Top of RECORDS PROVIDED

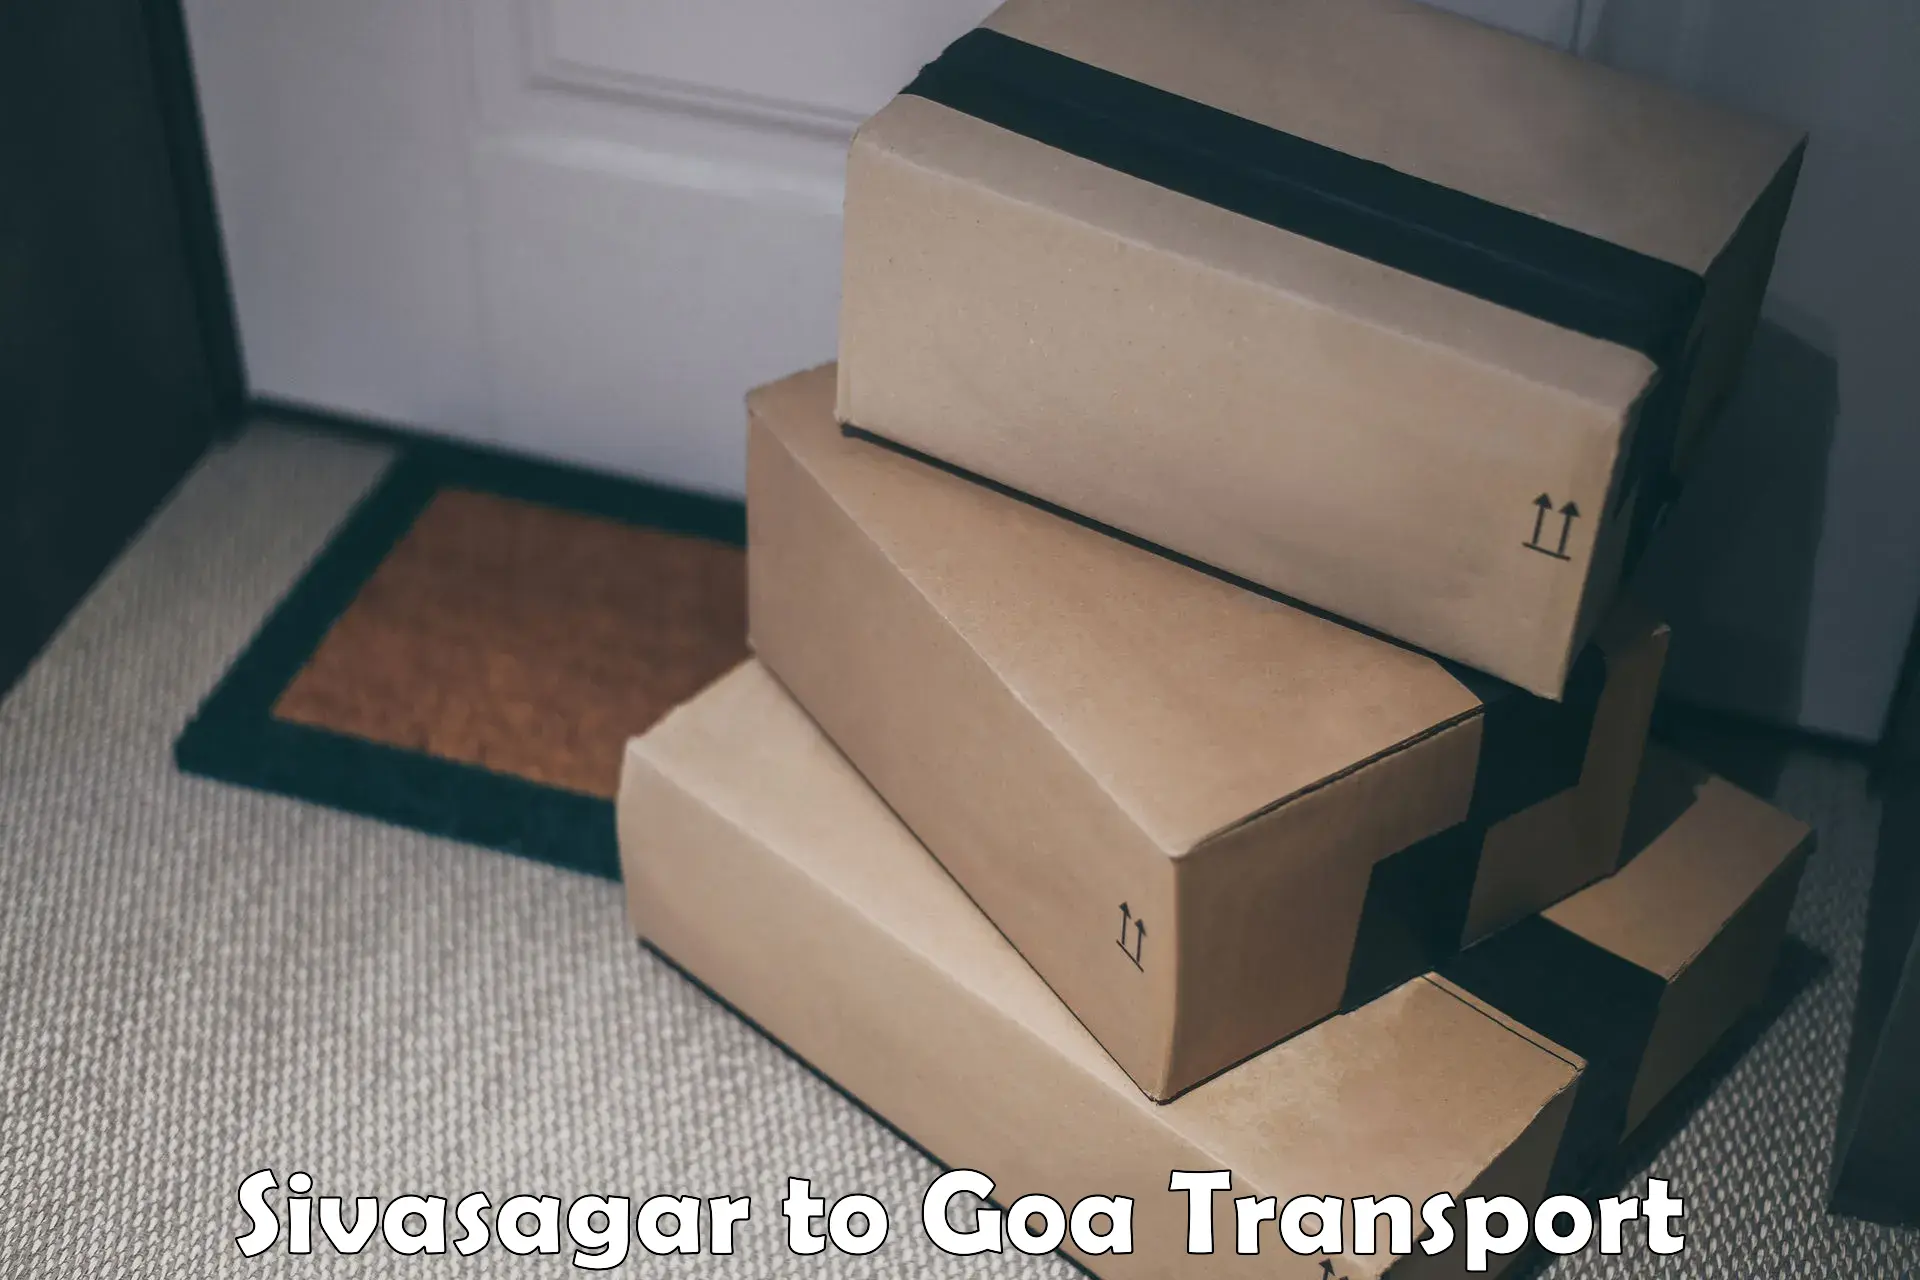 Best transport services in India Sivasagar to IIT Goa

Bottom of RECORDS PROVIDED
Top of RECORDS PROVIDED

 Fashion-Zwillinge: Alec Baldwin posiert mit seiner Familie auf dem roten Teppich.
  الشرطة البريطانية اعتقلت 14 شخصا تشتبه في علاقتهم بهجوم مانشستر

Bottom of RECORDS PROVIDED
Top of RECORDS PROVIDED

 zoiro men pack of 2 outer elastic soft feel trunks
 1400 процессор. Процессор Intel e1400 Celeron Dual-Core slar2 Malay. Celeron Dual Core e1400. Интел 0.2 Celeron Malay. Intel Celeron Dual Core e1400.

Bottom of RECORDS PROVIDED

In the data above, find the line with "zoiro men pack" and the line with "1400 процессор. Процессор". Retype both, plus every line between them, exactly.

■ RESPONSE TO THIS TASK
 zoiro men pack of 2 outer elastic soft feel trunks
 1400 процессор. Процессор Intel e1400 Celeron Dual-Core slar2 Malay. Celeron Dual Core e1400. Интел 0.2 Celeron Malay. Intel Celeron Dual Core e1400.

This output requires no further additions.